Pierre Auguste Renoir 1841 - 1919

Renoir was born at Limoges on February 25, 1841. He died at Cagnes on December 3, 1919. The story of Renoir’s life would deserve to be the subject of an Epinal picture, with its toil, its predestination, its strife, its disappointments and success. He lived long and had many children.

Born into a family of modest means, and even poor, it is said, he became apprenticed to a porcelain-maker in Paris (rue du Temple) in 1854, and his early bent for drawing gave promise that he would be a decorator. Having learned to make bouquets of flowers, he then became a painter of fans, ornaments, sacred subjects, and screens destined for religious purposes. The good worker having thus saved some money, he was able to pay for some real lessons from real artists and in 1862, entered Gleyre’s studio, where he met Monet, Sisley and Bazille. During the same period, he made the acquaintance of Pissarro and Cezanne, who were both going to the Swiss Academy. Thus, well before the 1874 Exhibition the Impressionist team was made up. Renoir’s pictures were severely criticized at the time of the first exhibition, yet he was one of the first to know the collector’s confidence, notably that of Georges Charpentier who, having one of his canvasses at the sale held in 1875, from the following year onwards, gave him commission to paint portraits of his family.

One is astonished today that works like “La Loge,” 1874, and “Le Moulin de la Galette,” 1876, did not immediately gain the public’s unanimous approval. By 1880 Renoir had almost won the day. From then on he was regularly received at the Salon and had small inclination for revolutionary movements.

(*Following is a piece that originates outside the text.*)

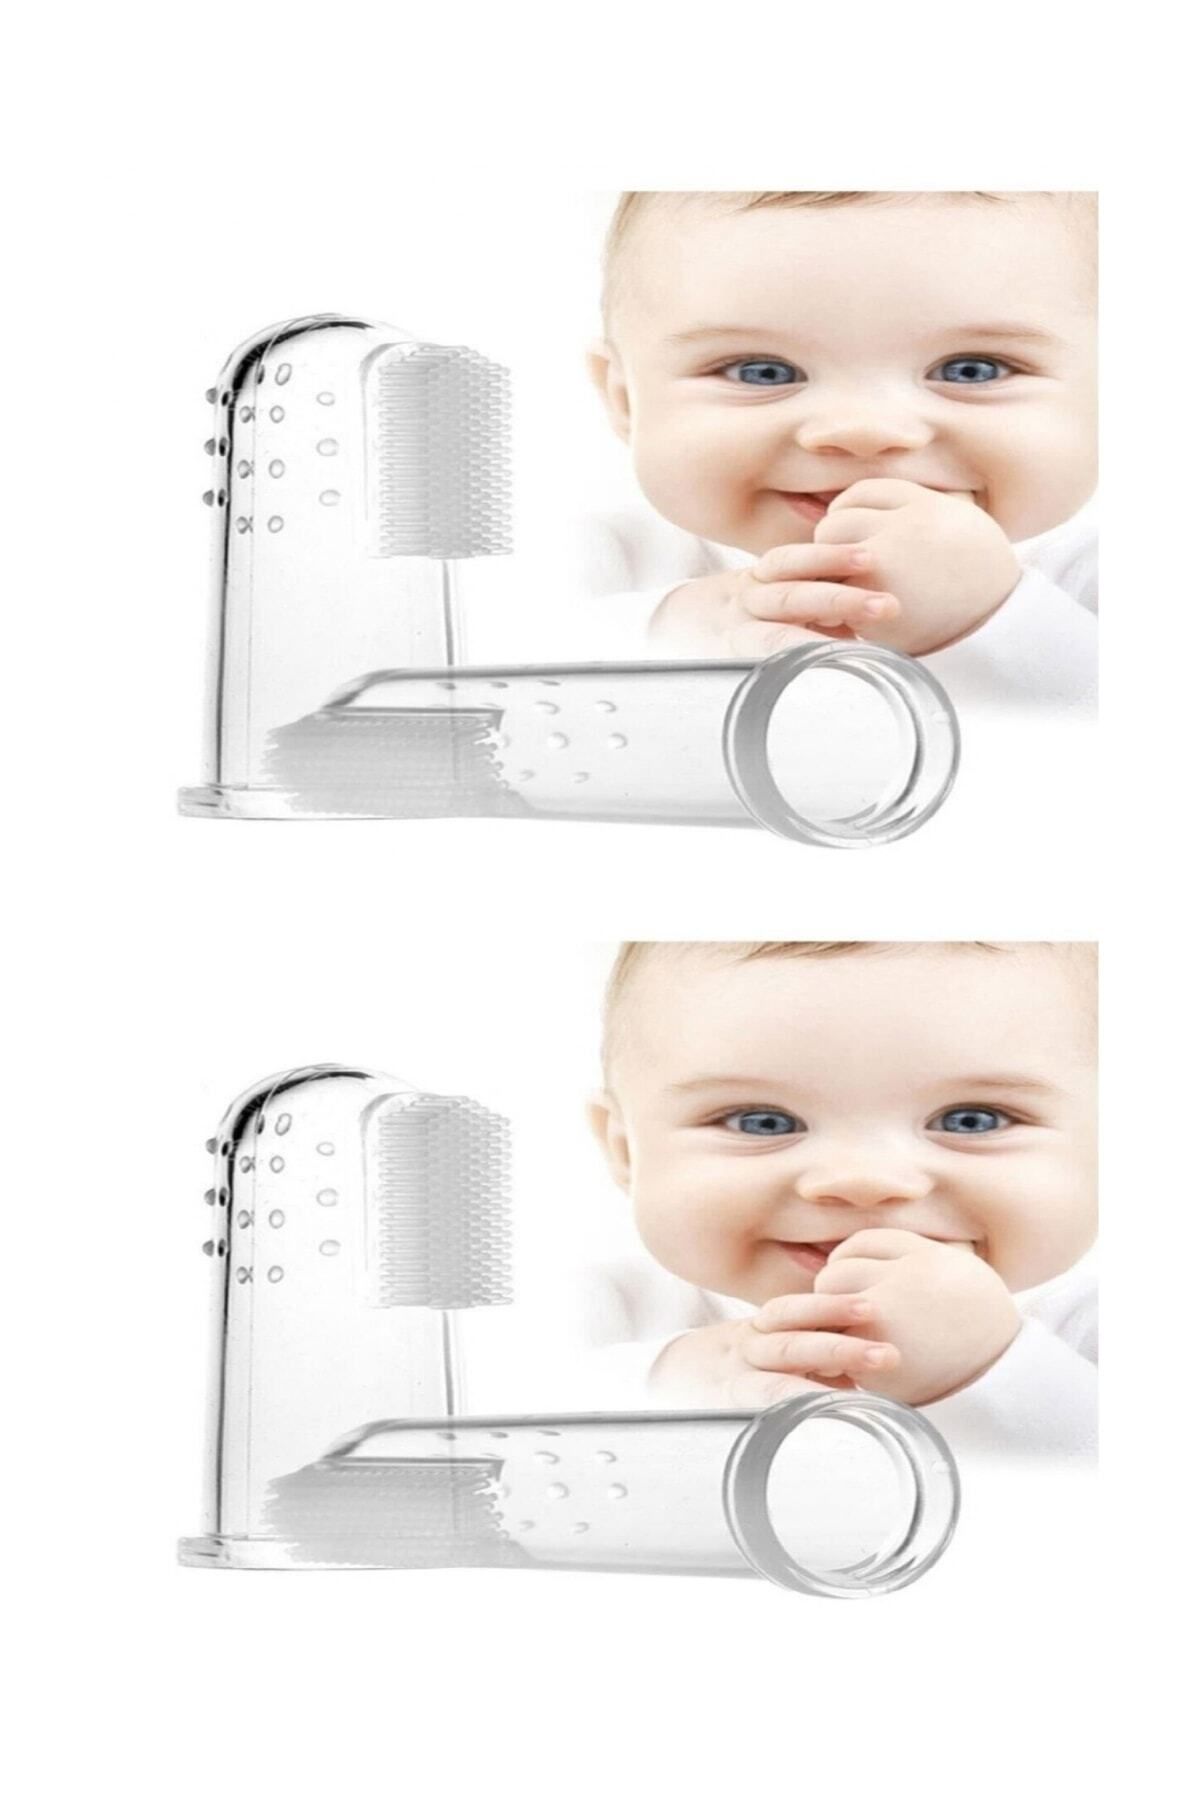 Impress 2'li Mini Bebek Çocuk Parmak Diş Fırçası Saklama Kabı 2 Adet *renk: Pembe Ve Şeffaf

In 1881, he left for Italy, and returned in 1882; during these travels, Raphael exerted a strong influence on him which was to last for several years and drove him to adopt a more precise style of drawing accentuating the outline of forms. This has been called his Ingres period because renouncing the Impressionist play of colors. Like Ingres he modeled his figures by blending colors and not by contrasting them. He protracted this experiment until around 1890, and then without turning back to Impressionist techniques, he found a freer way of painting in which his temperament expressed itself unrestrainedly. To his last day, Renoir’s happy art was to give no indication of the physical suffering of a man rendered more and more paralytic by rheumatism. His children, his wife, and especially, his servant Gabrielle, served him as models, in addition to flowers and the Mediterranean landscapes, particularly those in the vicinity of Cagnes , where he settled in 1903 and where he spent most of his remaining years.